## ACTIVITY
Output the whole listing exactly, with no pictures.

## SOURCE DATA
=======

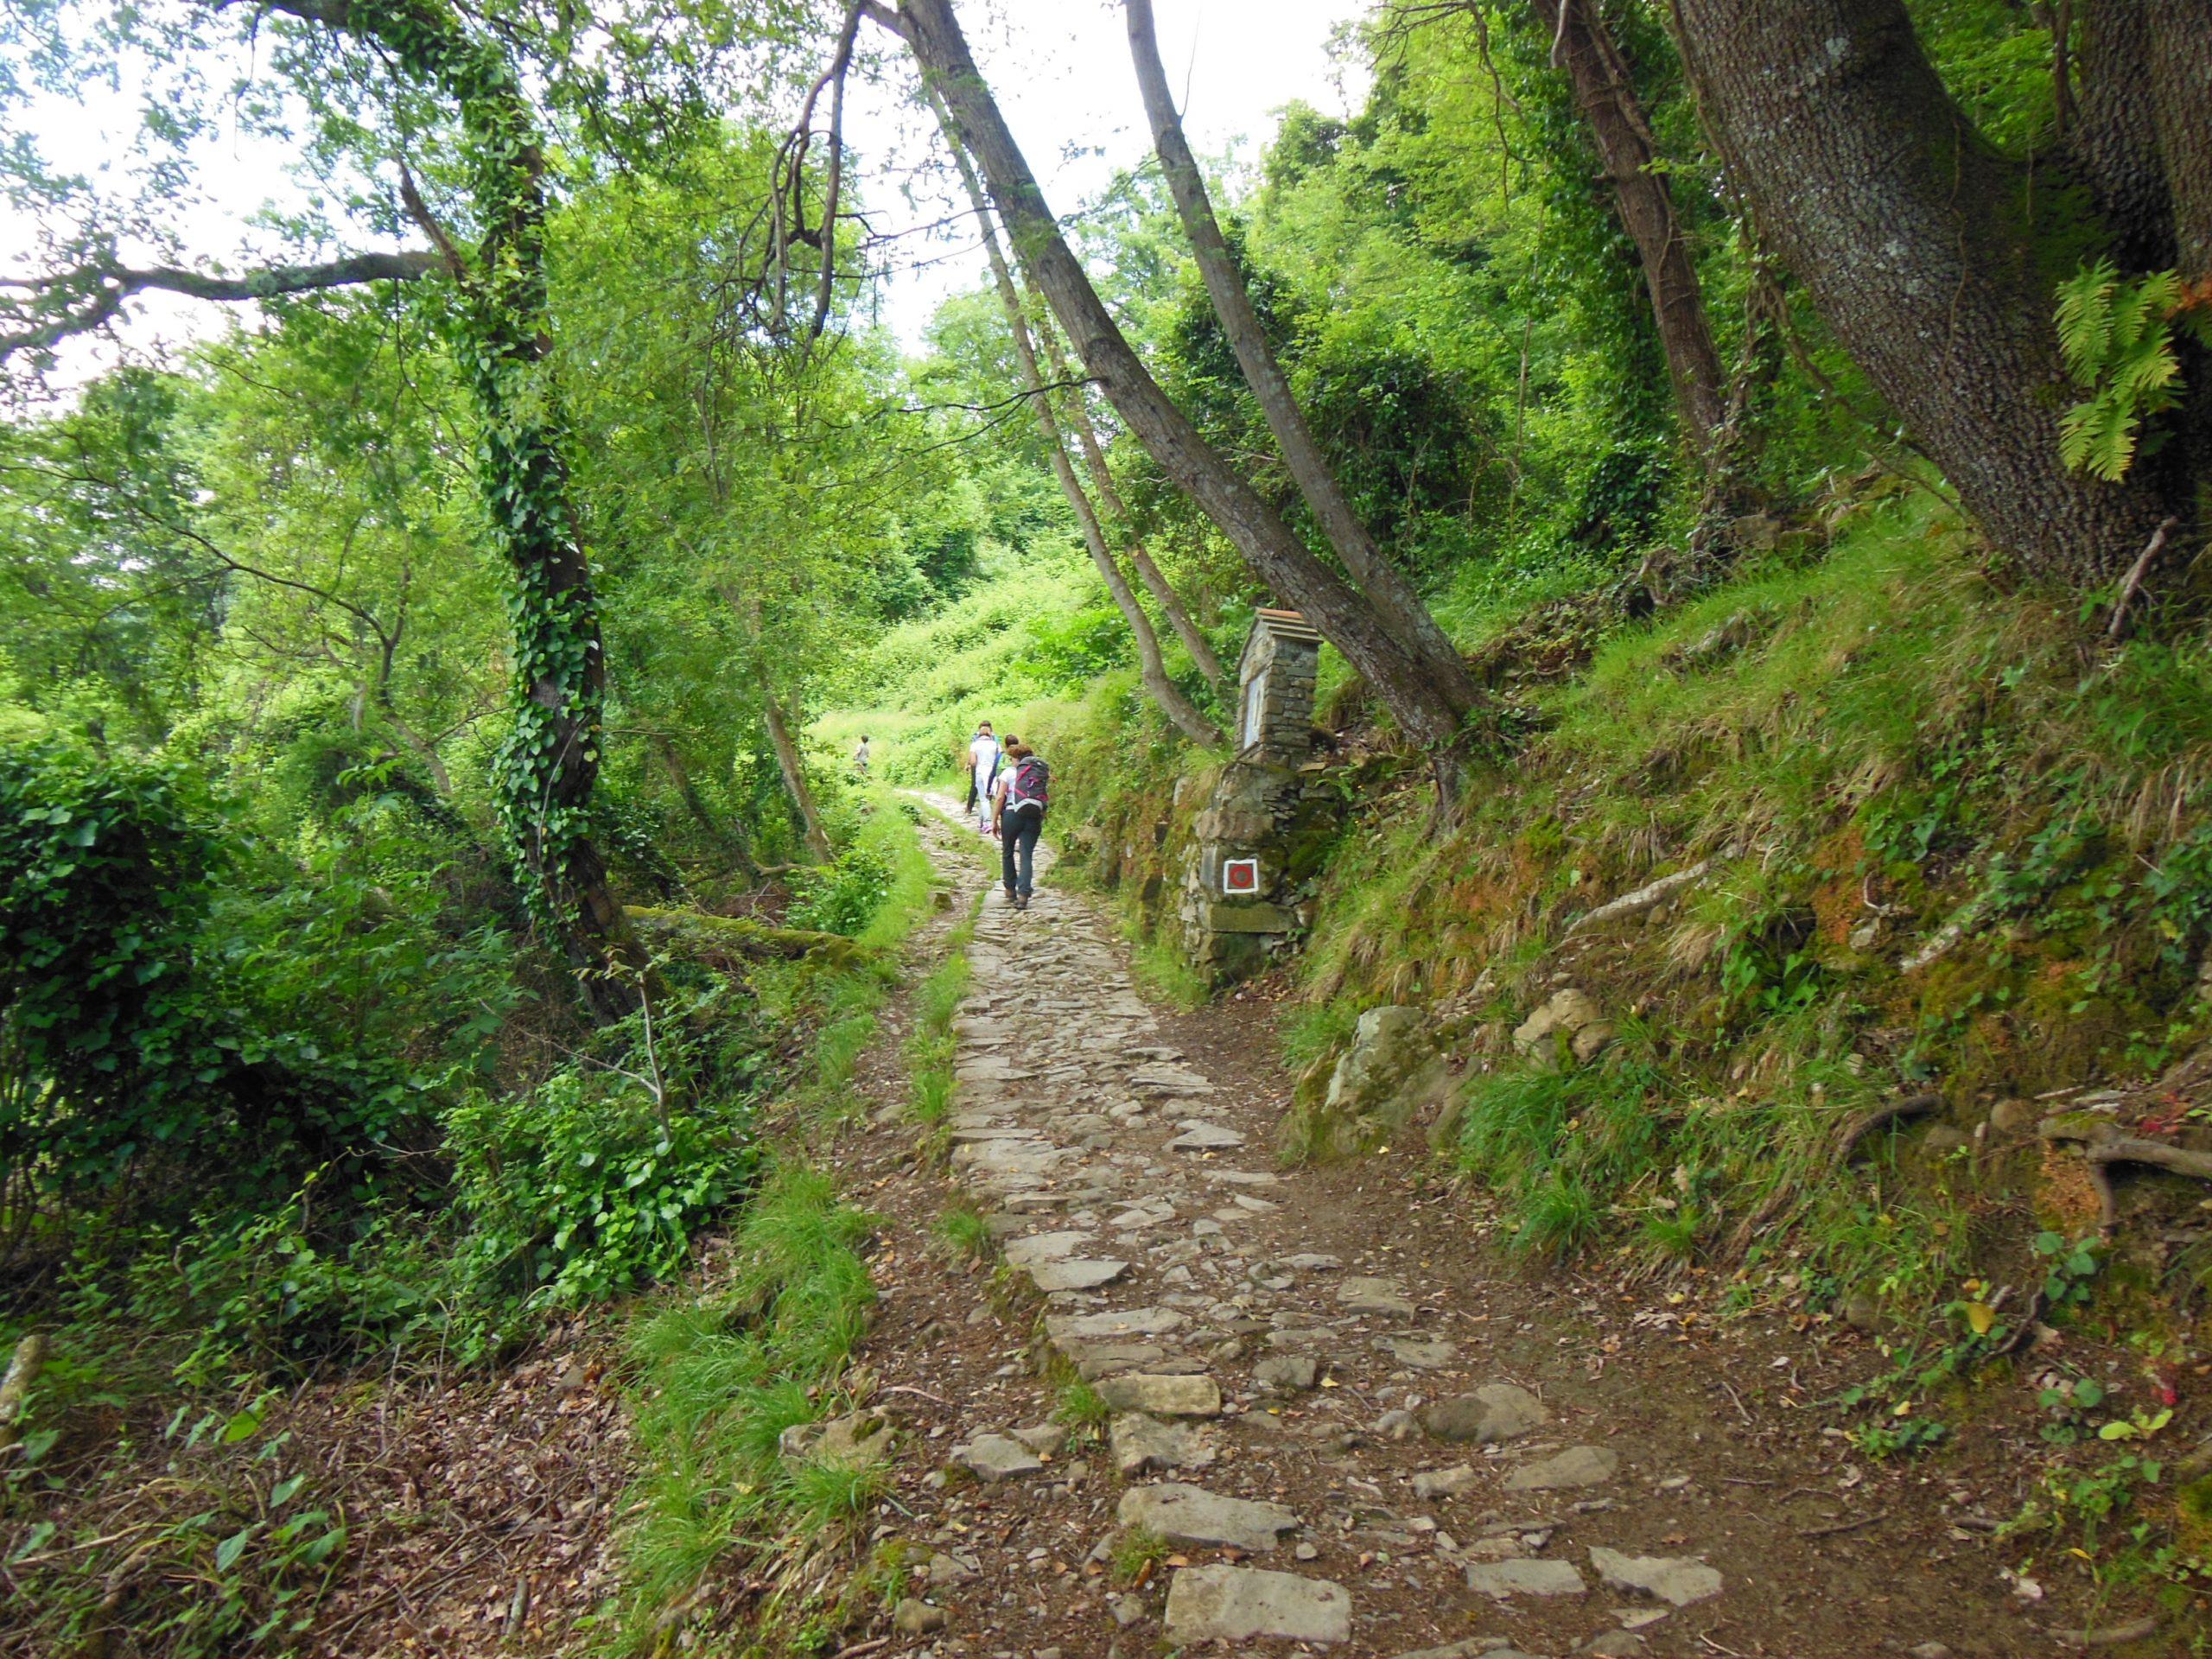 https://www.trekkilandia.it/wp-content/uploads/2020/06/escursione-Portofino-039-scaled.jpg
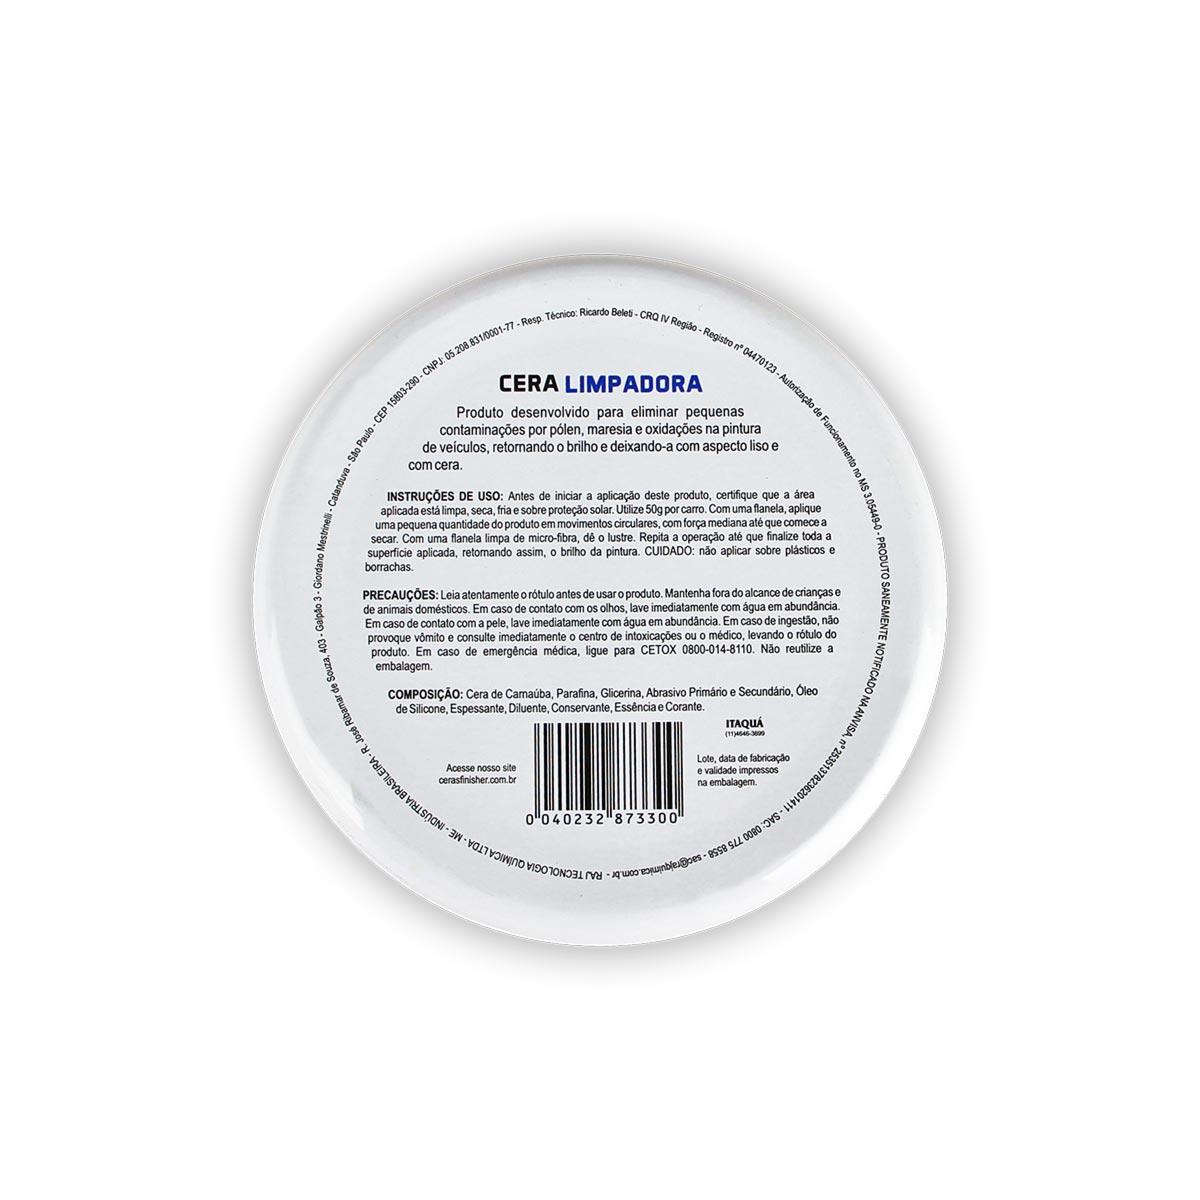 Cera Limpadora Automotiva Finisher 200g Cleaner wax limpa
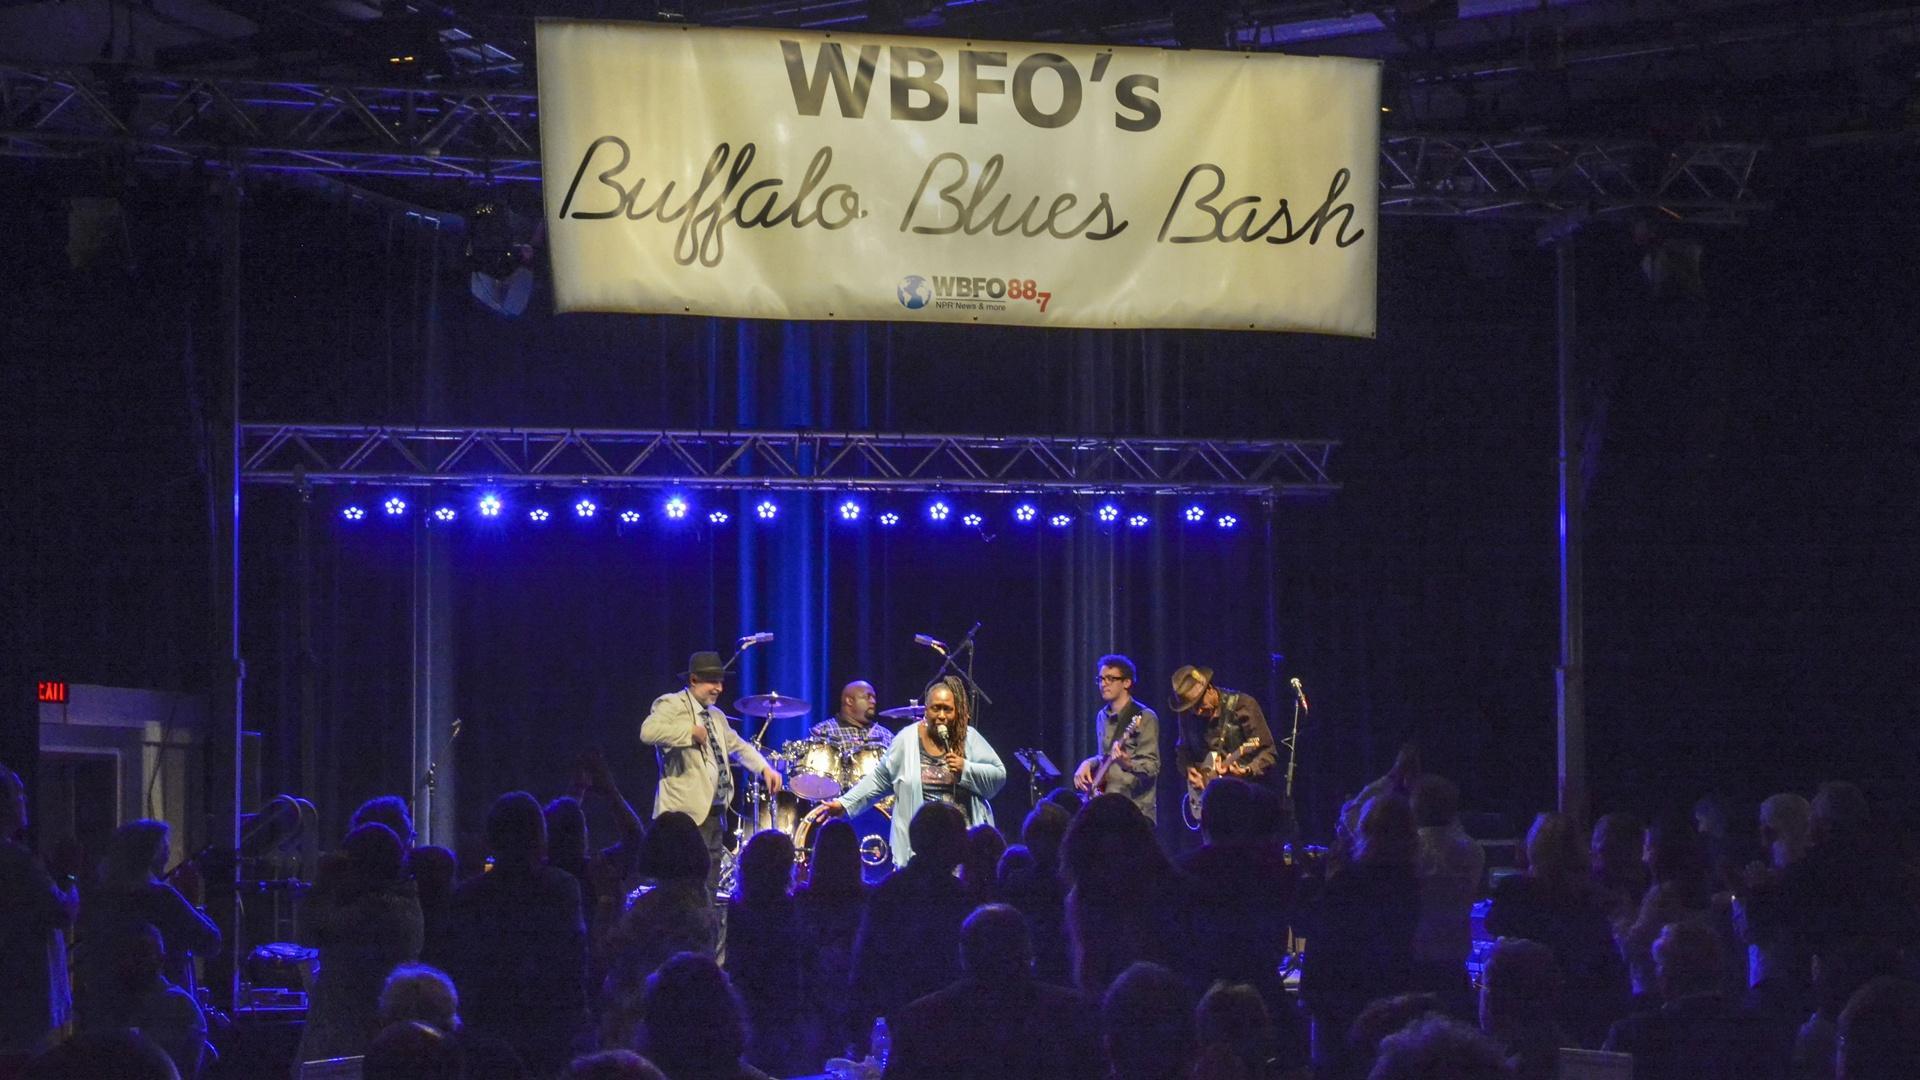 WBFO's Buffalo Blues Bash April 2019

=======

## ANSWER SPACE
 https://www.trekkilandia.it/wp-content/uploads/2020/06/escursione-Portofino-039-scaled.jpg
 Cera Limpadora Automotiva Finisher 200g Cleaner wax limpa
 WBFO's Buffalo Blues Bash April 2019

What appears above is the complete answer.